Is this how it felt when Perri was crying on my front porch in high school? Is this the pain he told me how he felt, because it hurted. It hurted like fucking hell.

I sat in the car for a long time before leaving and going for a walk. I just couldn't sit in the same house as these liars and hear their excuse for making me stay here. I was walking when I got a thought in my head. If they couldn't let me do what I wanted at the age of twenty four then I guess I need to distance myself, and find the answer out myself.

I uber a drive to a hotel for the night since my osteoarthritis was acting up badly. As soon as I made it to a hotel nearby, my phone rang and it was my mom, so I answered it.

"Sweetie, where are you?"

"Since I can't make decisions under your roof, I will find another roof to live under than you."

"Stop acting like a brat CJ and come home. Wasn't it you who asked for the divorce? Why are you so invested in this boy and you couldn't even call you to let you know he was okay himself. Him running away is enough proof that you can't handle being alone-" But before he could finish his rant I hung the phone up and walked to the front desk and got any   available room.

I can't believe my own father would say that to me, but I couldn't care less now. I needed to find a way to Perri, without my parents trying to sabotage me again.

I laid down in bed due to my pain and tried to relax and soon with the relaxing came the sleepiness.

I woke up to the front desk calling my room asking would I be having breakfast, so I replied yes and in thirty minutes came eggs, sausage, bacon, and waffles with a fruit bowl. I was about to call the front desk to come and get their plate, when my phone rang I thought it was my mom again so I was about to decline the call until I saw the caller ID, and it said South Korea. I answer it as if I was Flash mixed with Sonic.

"Yes! Hello!"

".......Is this CJ?"

"Perri?!'

"Um...shit...um do you have a second?"

"Yes! Yes I do! How are you? Are you okay? Are you eating well?" I was spitting questions left and right.

"Um....CJ...If you are looking for me, can you stop?"

"What? Why? Did Dom say something to you?"

"No.

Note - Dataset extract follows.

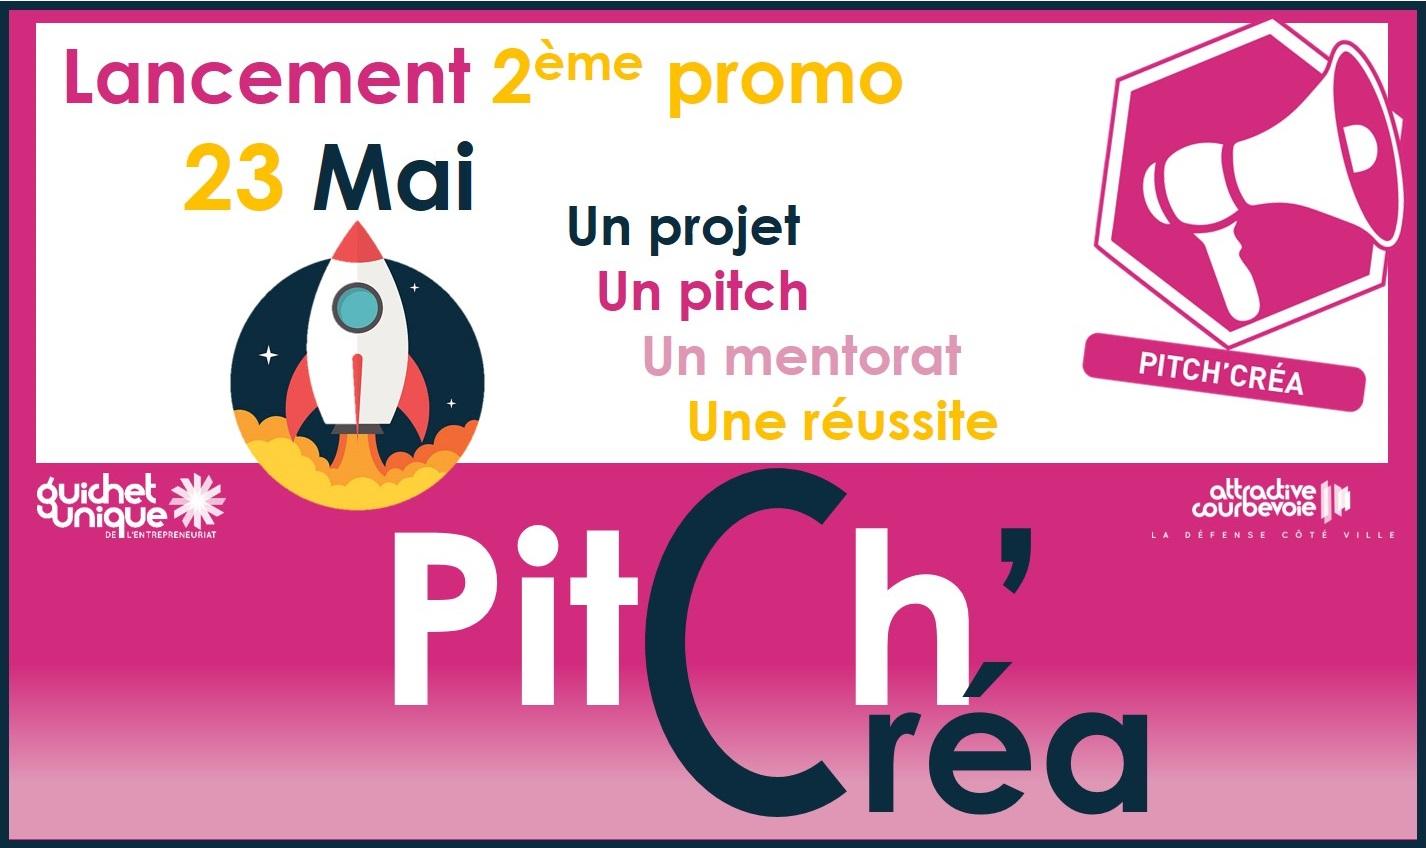 Pitch-Créa-Courbevoie
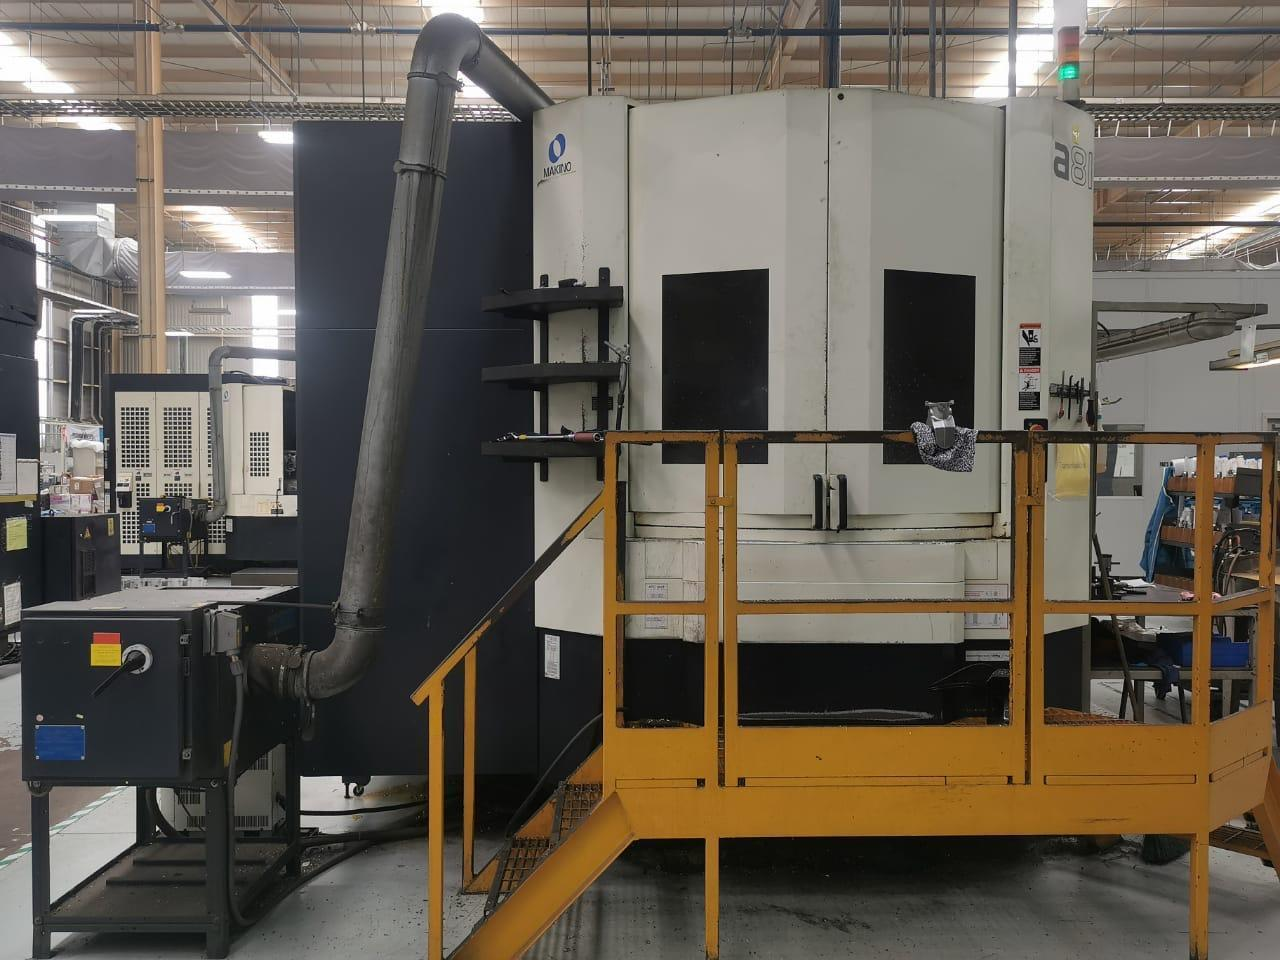 Makino a81 CNC Horizontal Machining Center

I saw him here, but I didn't talk to him......um.....I just....urgh! I came here to get better. If I wanted to see you and be around you I would have stayed in Georgia, but I need to be away from everyone and with all the callings and now the visits, I just can't take it anymore. So please call my dad and tell him to leave. I need time, and you all are not giving it to me. Goodbye tart for now." And hung the phone up.

I tried to redial the number but it would always go to voicemail. At least he said he was trying to get better. Maybe I should as well. Maybe I should get an apartments and focus on work again. Because he didn't say goodbye for good, he just just for now.